:: Data section

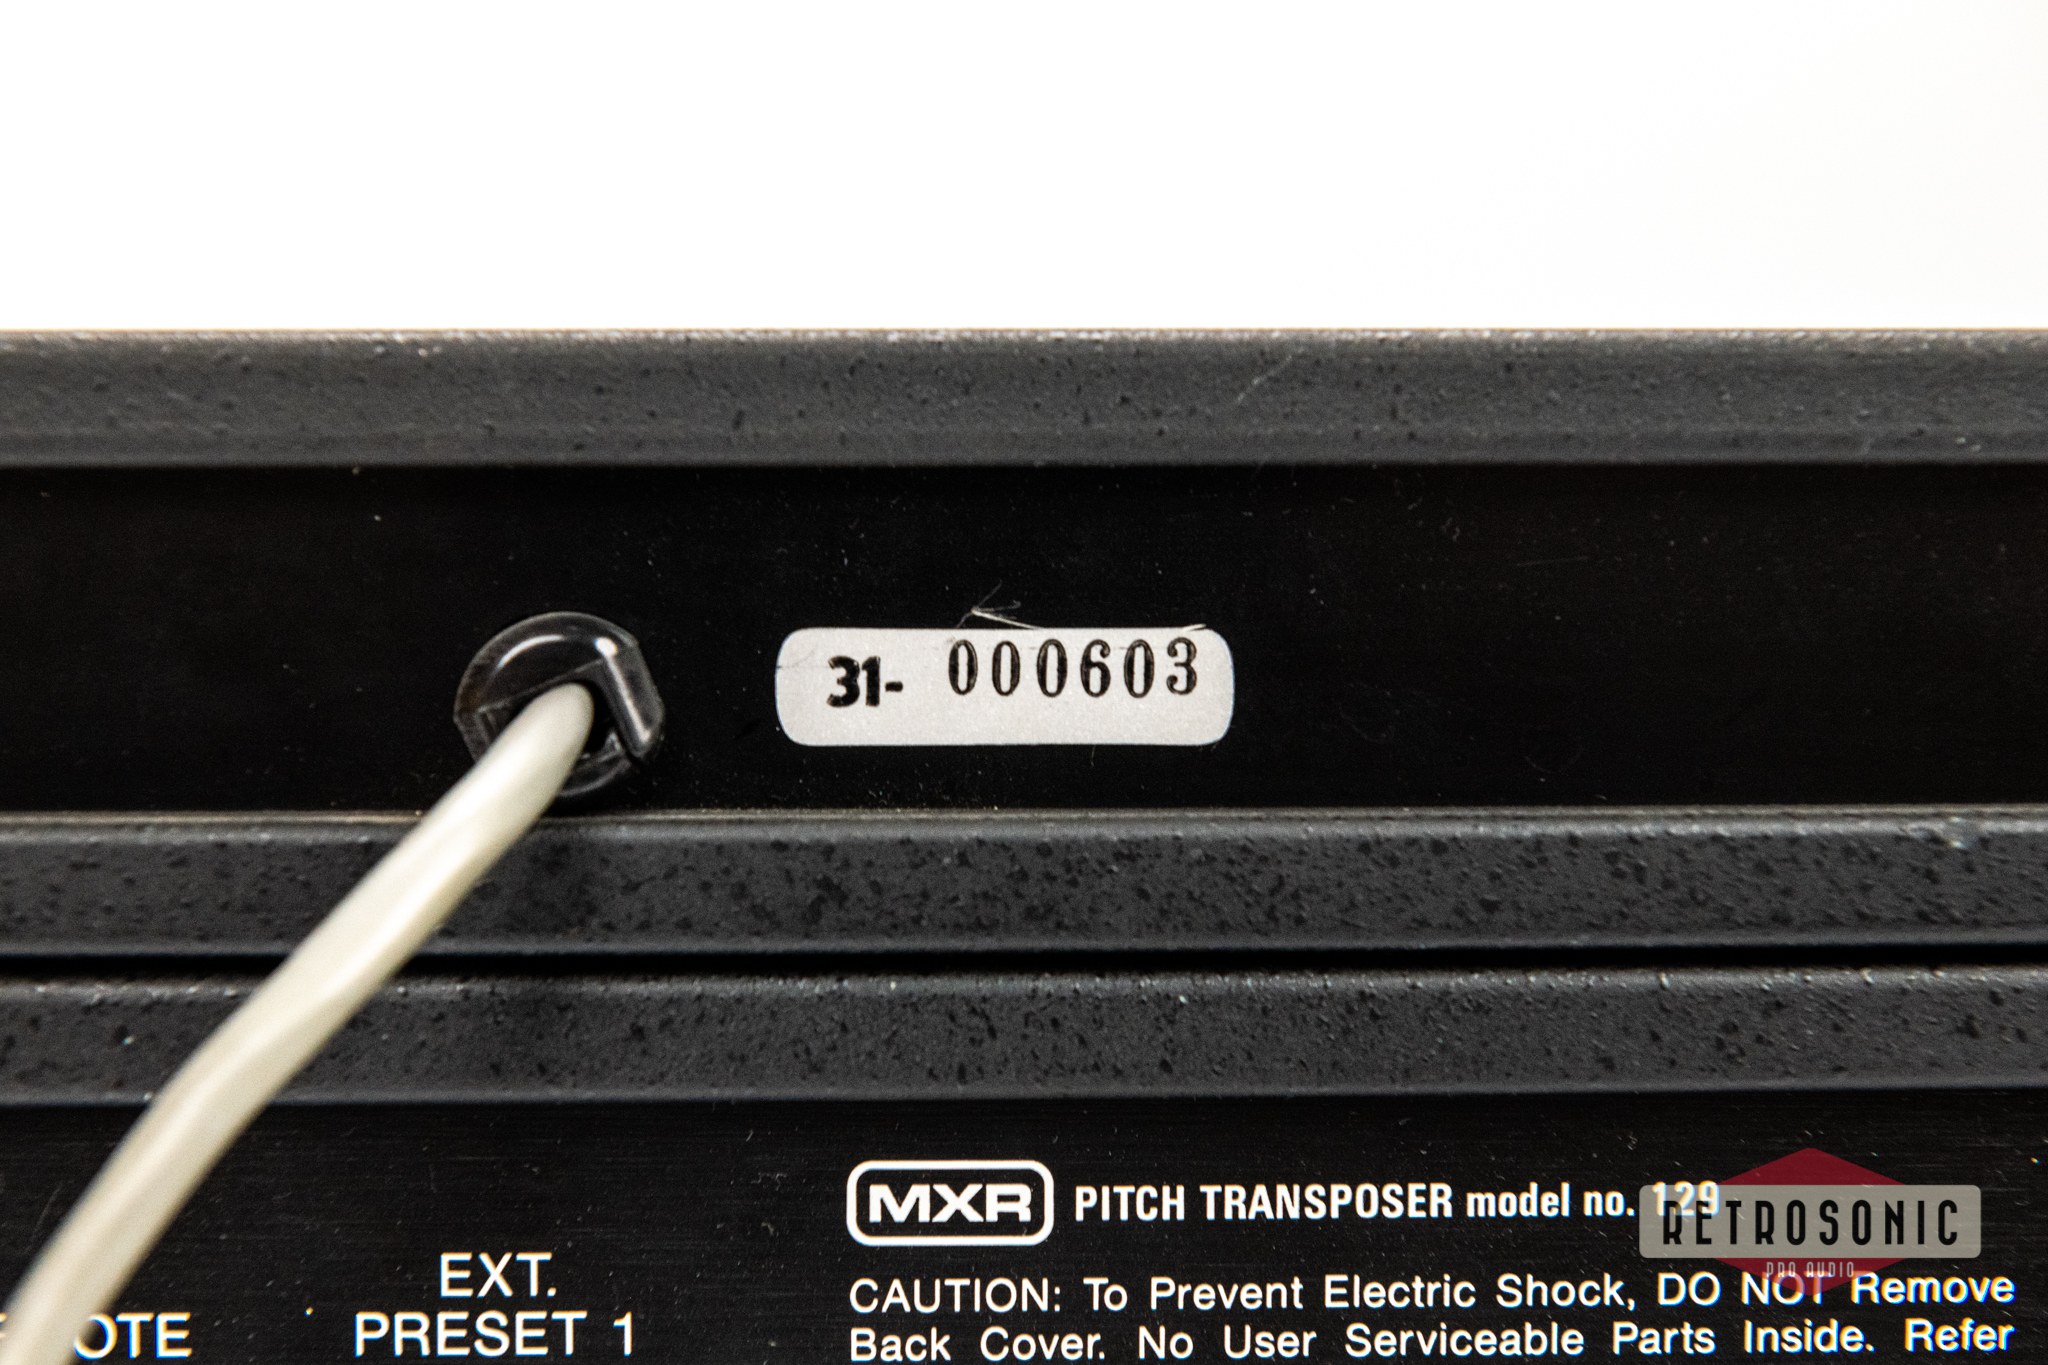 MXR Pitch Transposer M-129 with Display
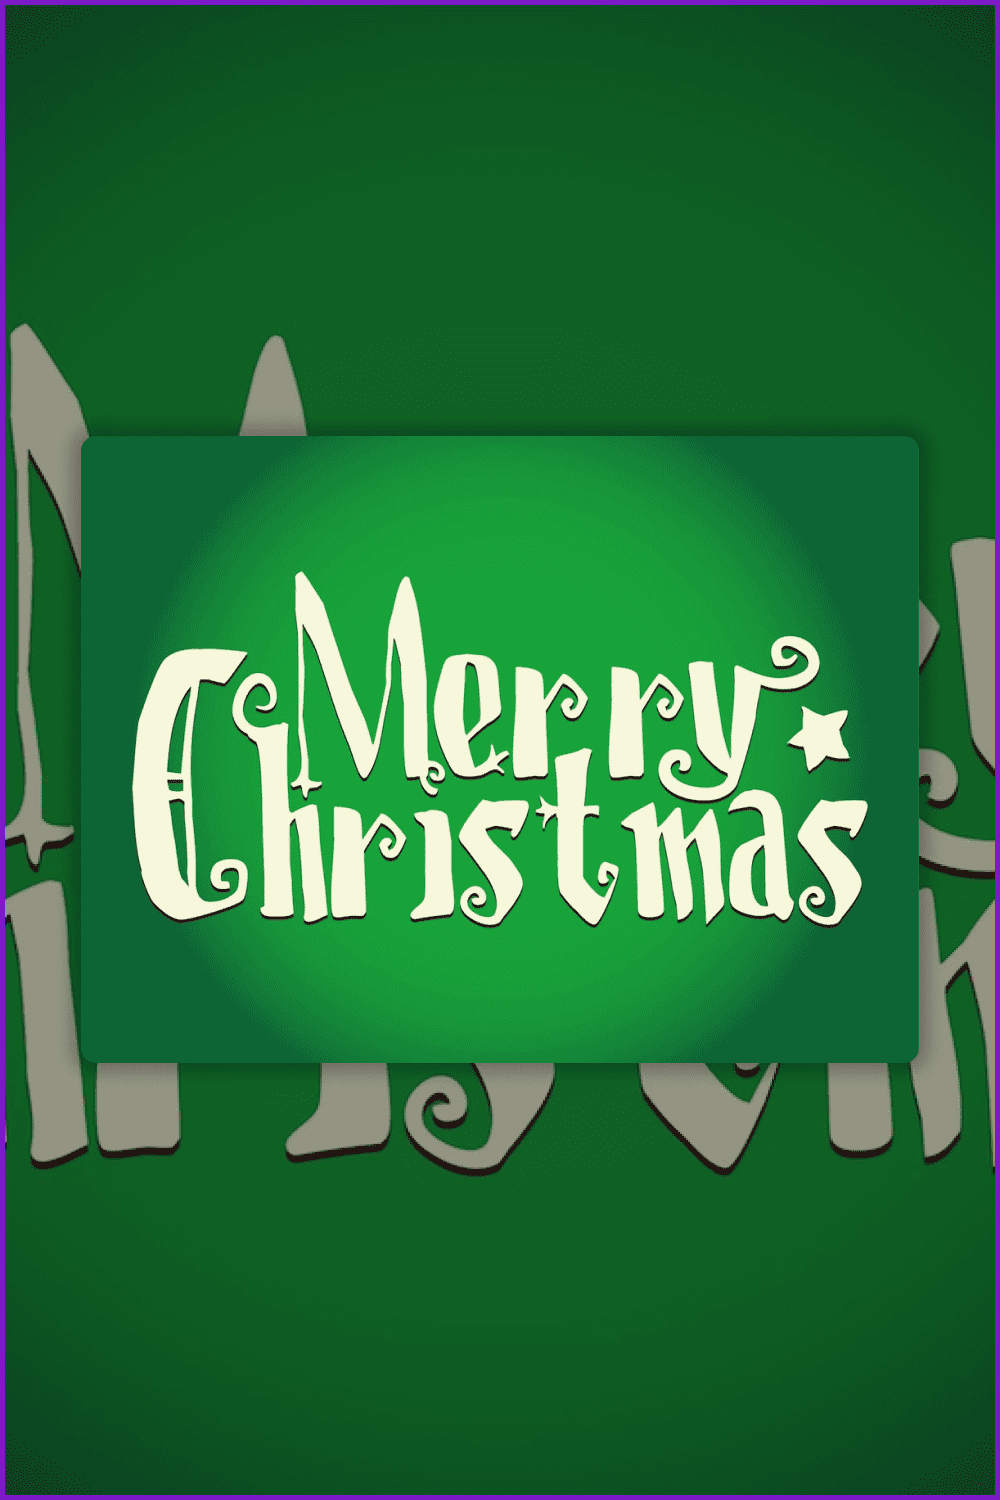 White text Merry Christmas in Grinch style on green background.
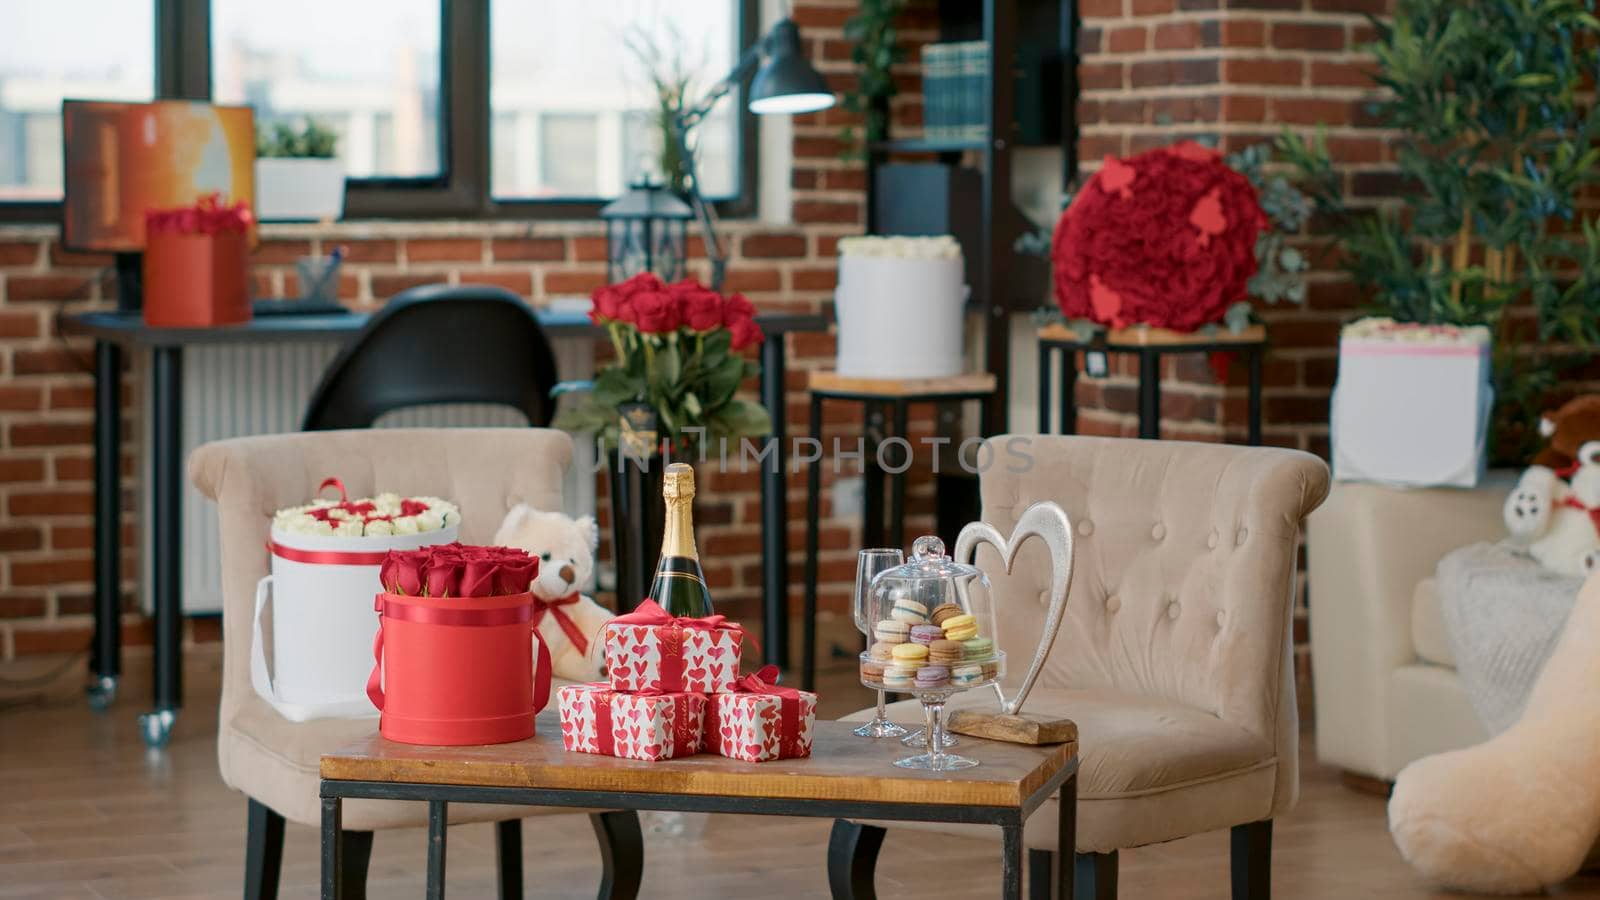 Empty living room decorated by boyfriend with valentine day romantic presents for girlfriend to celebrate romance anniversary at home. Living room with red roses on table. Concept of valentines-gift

::::

- Exercise goal
Quote, exactly and only, the lines from the first line of the data above through the line containing "White text Merry". The pictures do not belong in it.

- Solved exercise
 MXR Pitch Transposer M-129 with Display
 White text Merry Christmas in Grinch style on green background.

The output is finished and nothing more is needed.